▶ _Available data_:
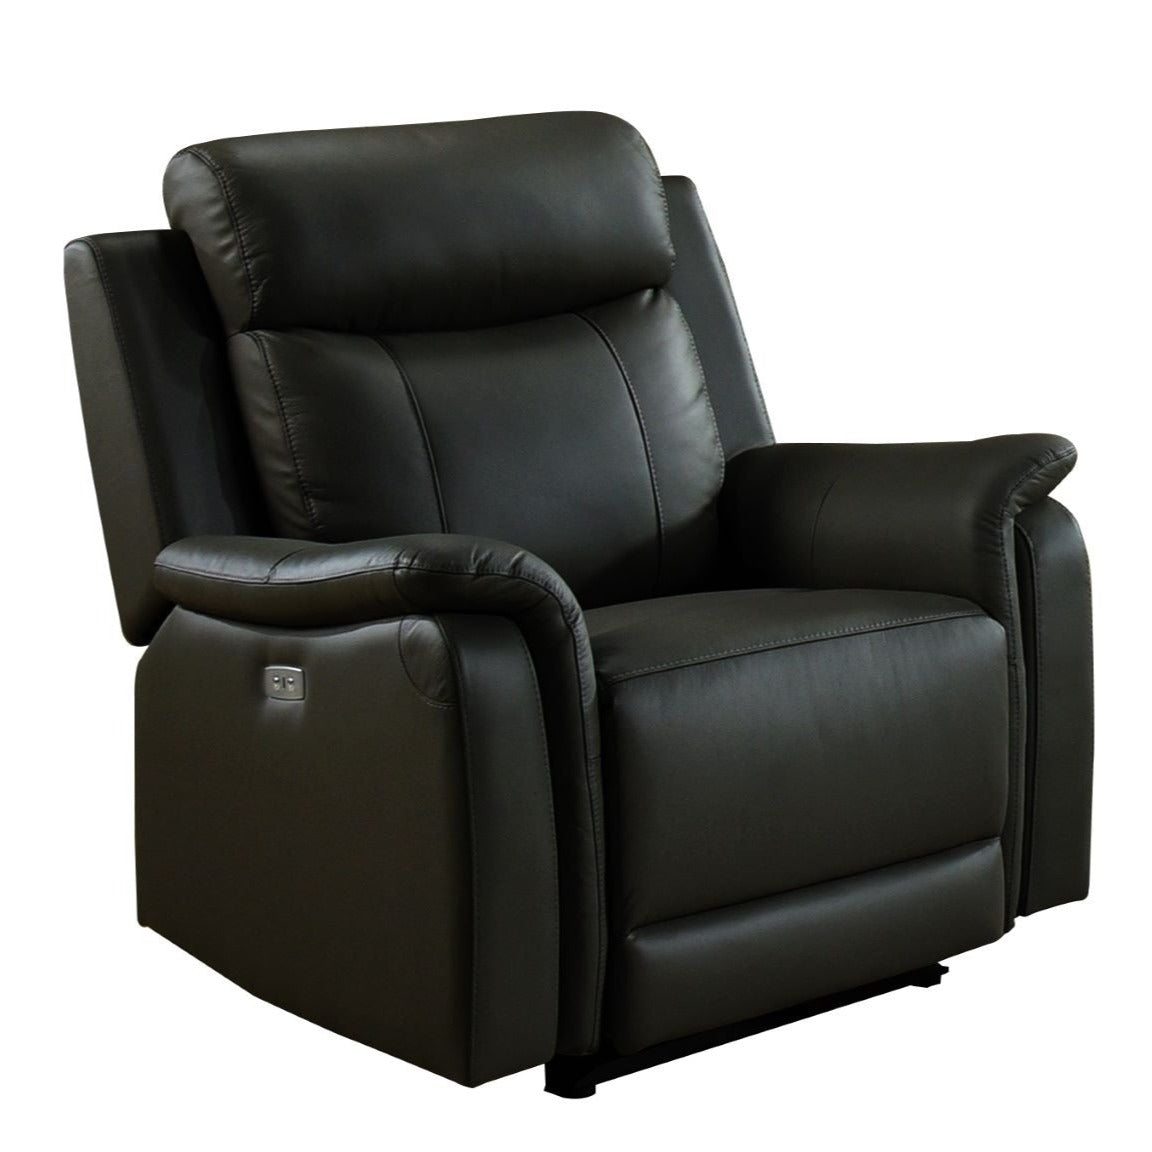 Cyrus Top Grain Leather Power Glider Recliner Chair Black 99840
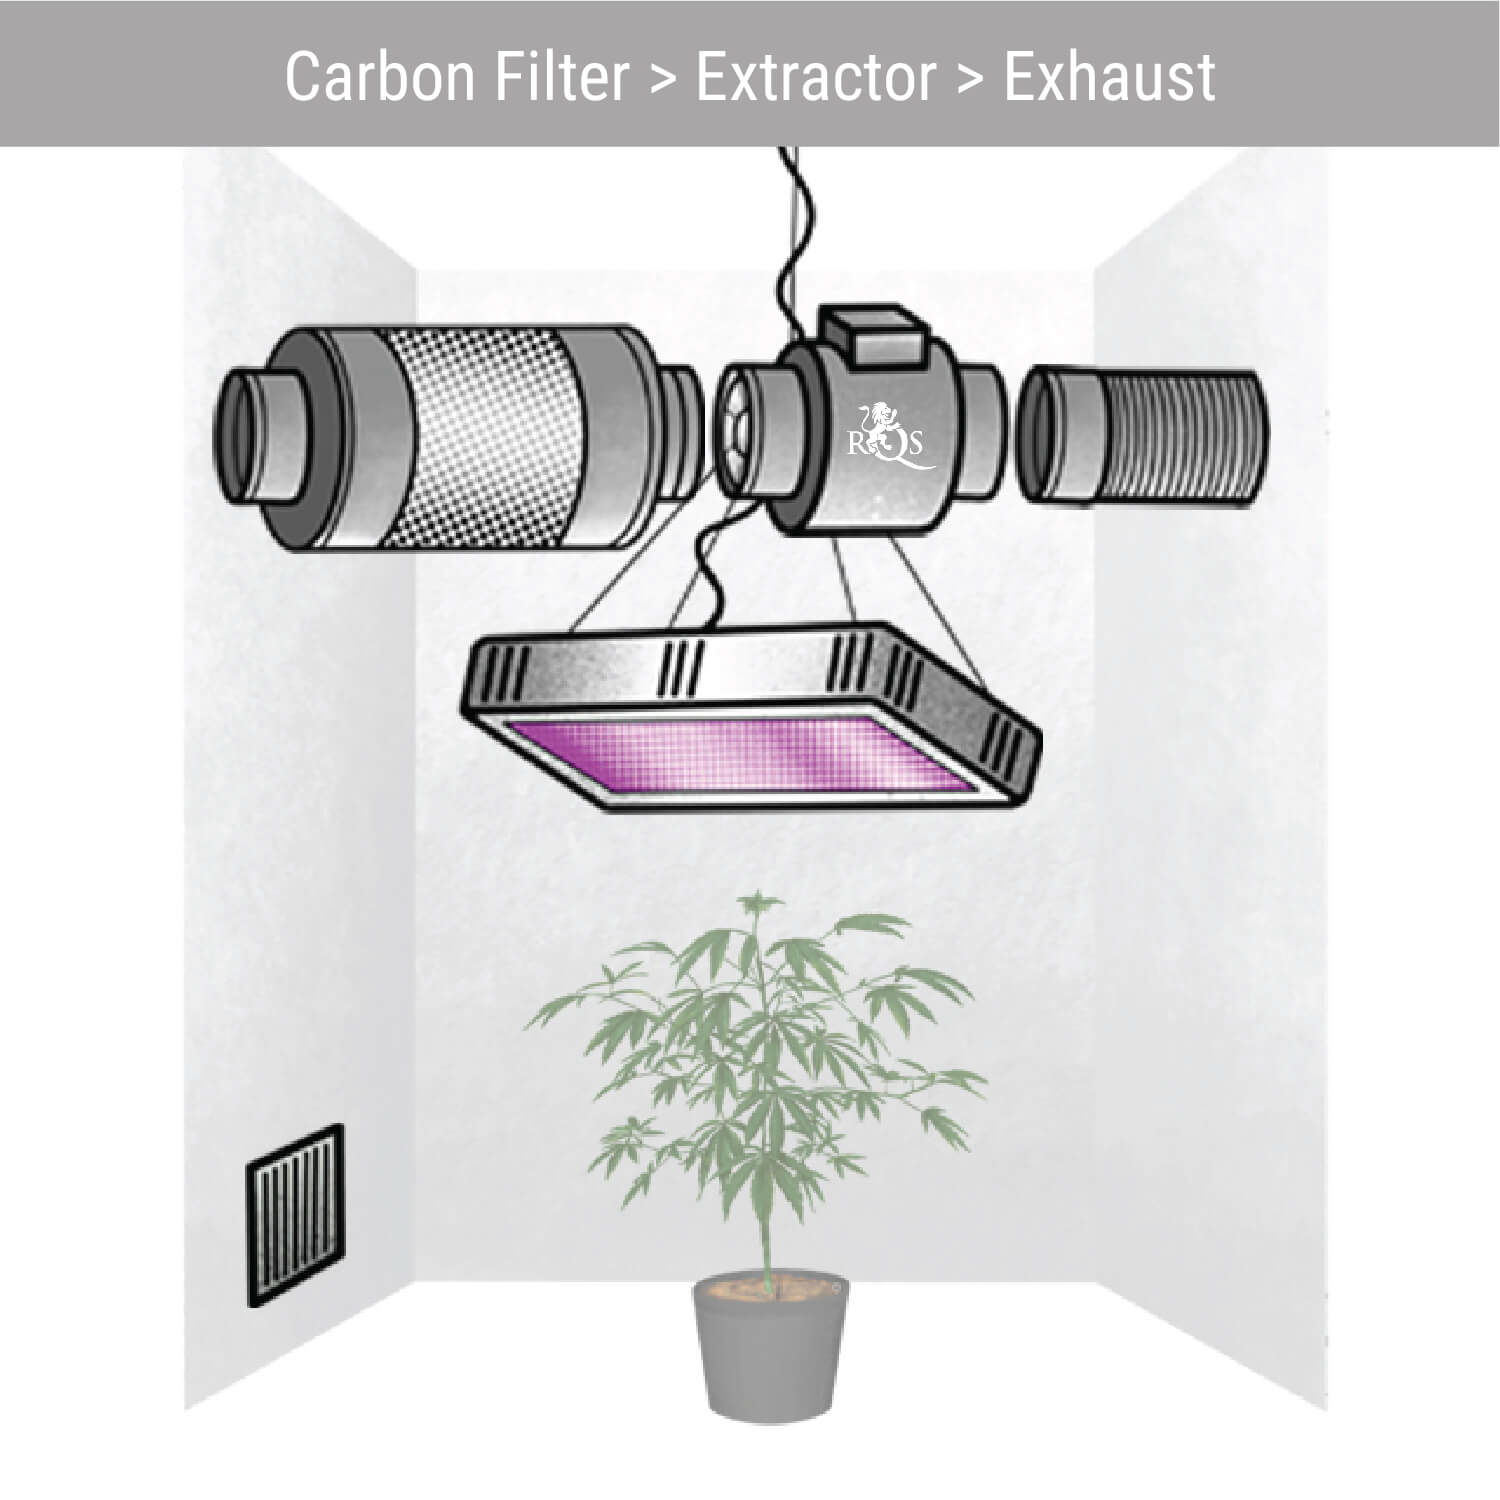 Carbon Filter > Extractor > Exhaust
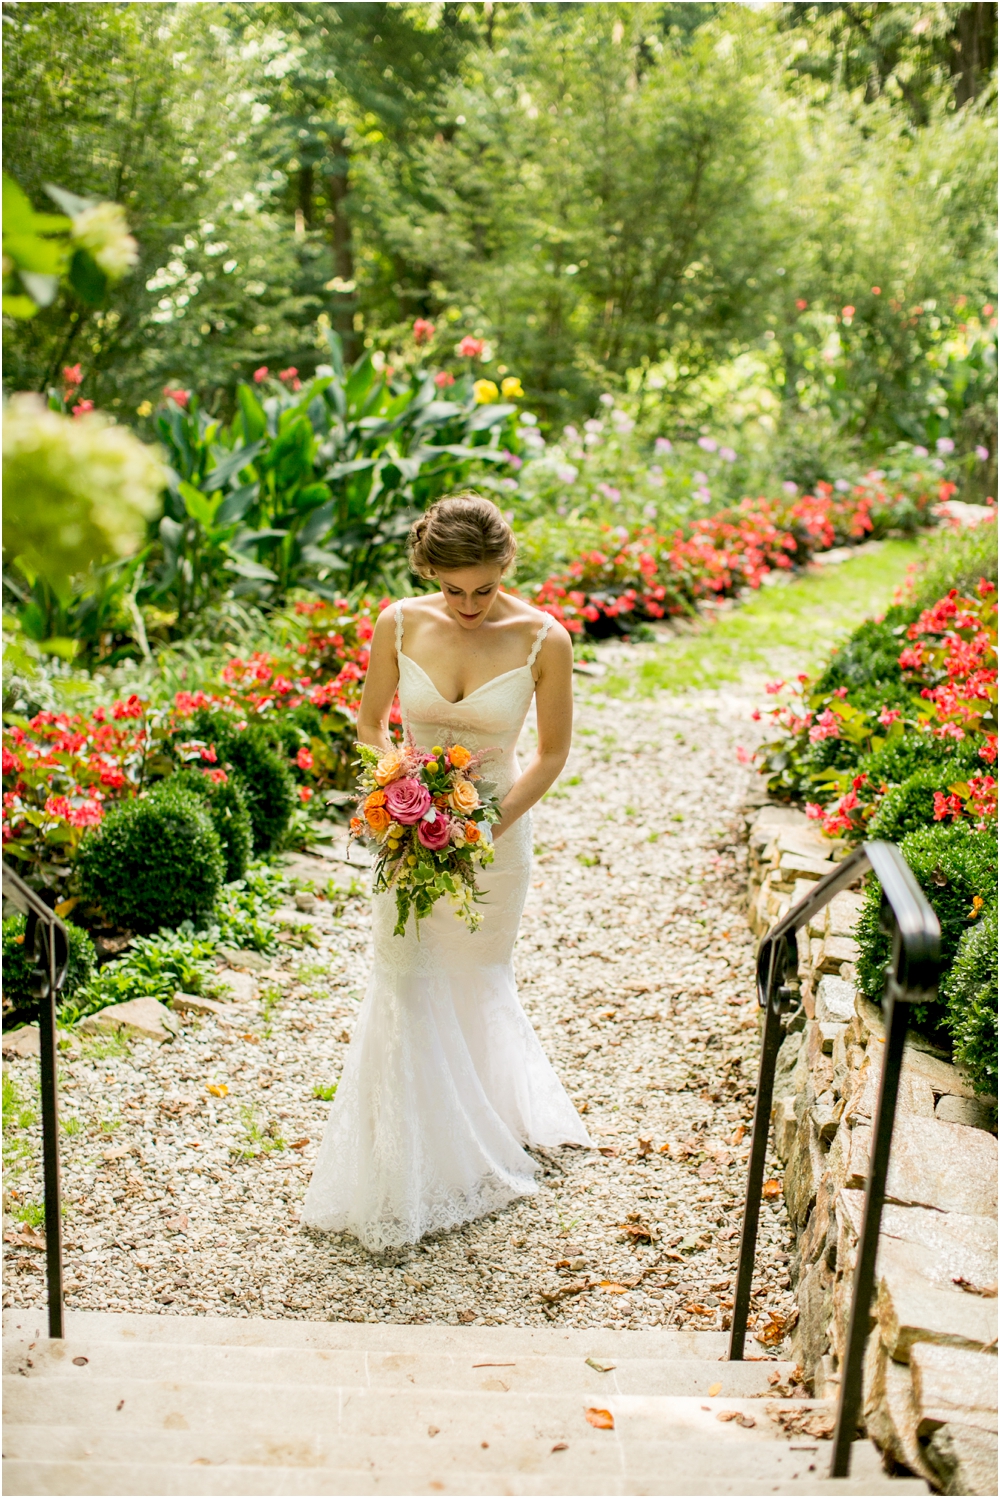 daniel chrissy gramercy mansion outdoor garden wedding living radiant photography_0035.jpg
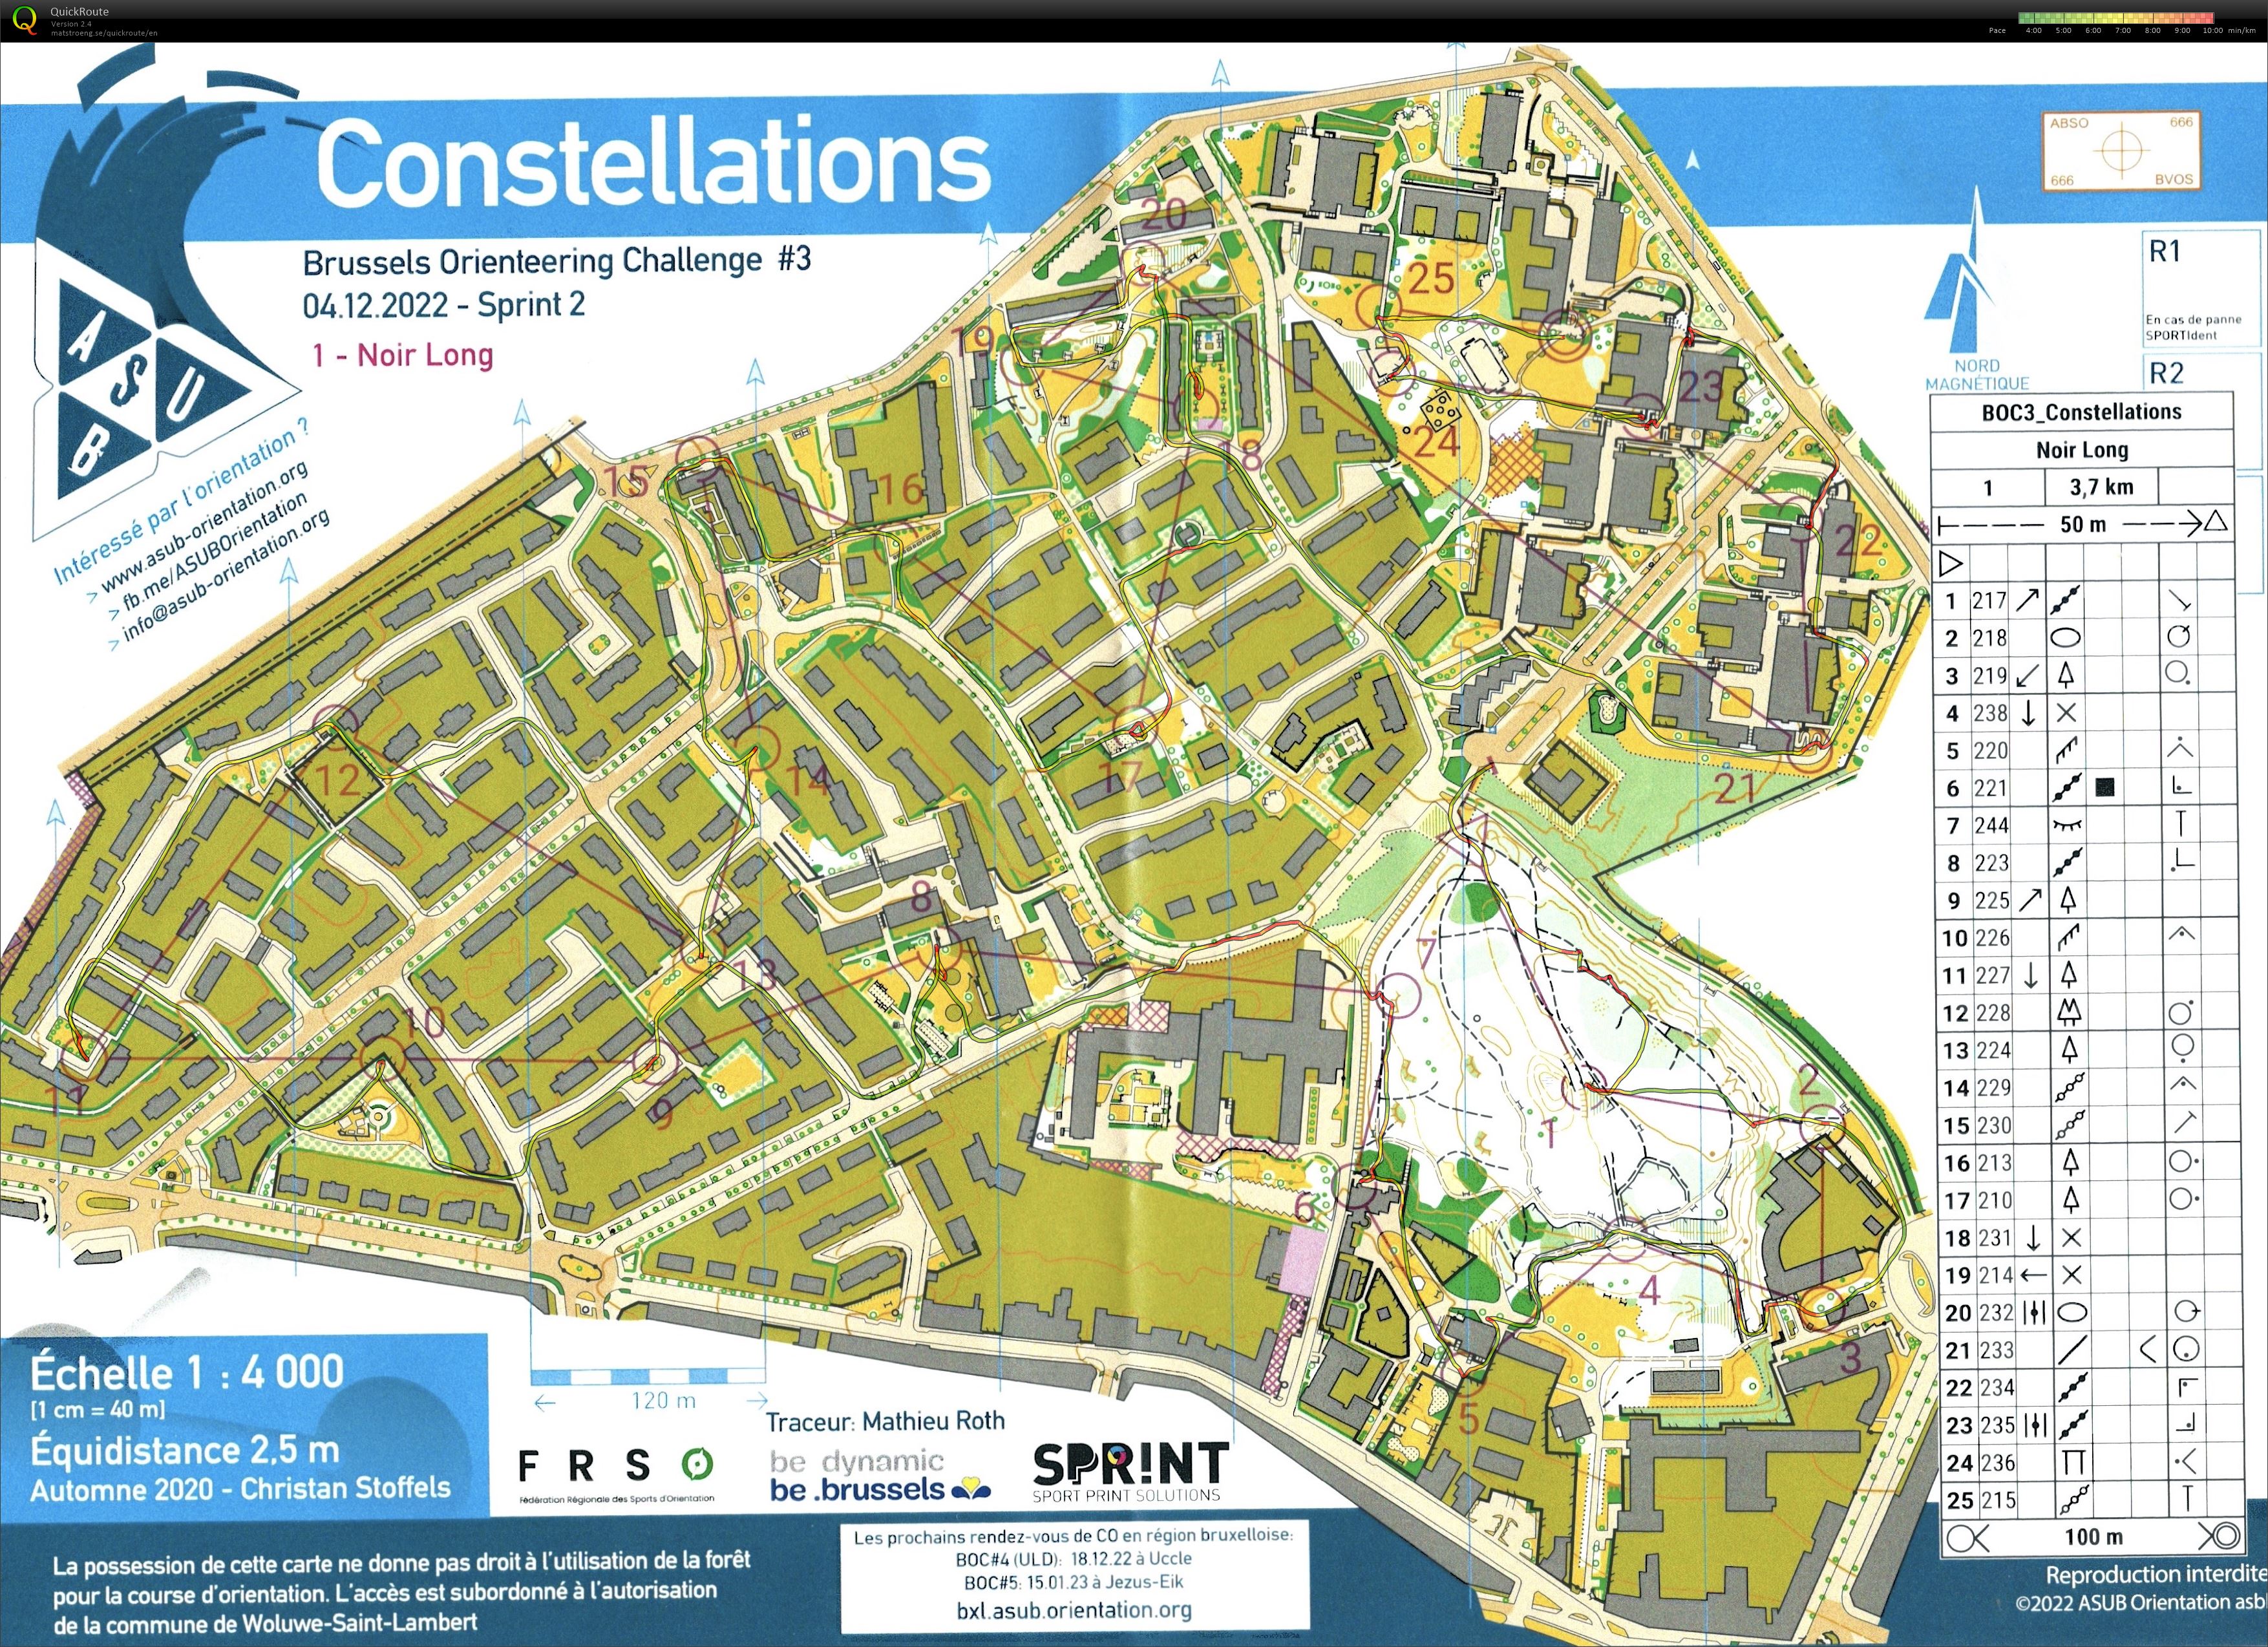 Brussels Orienteering Challenge #3 - Sprint 2 - Constellations (04/12/2022)

▶ _Task_: From the first line of the material to the last, retype everything exactly except the images.

▶ _Your solution_:
 Cyrus Top Grain Leather Power Glider Recliner Chair Black 99840
 Carbon Filter > Extractor > Exhaust
 daniel chrissy gramercy mansion outdoor garden wedding living radiant photography_0035.jpg
 Brussels Orienteering Challenge #3 - Sprint 2 - Constellations (04/12/2022)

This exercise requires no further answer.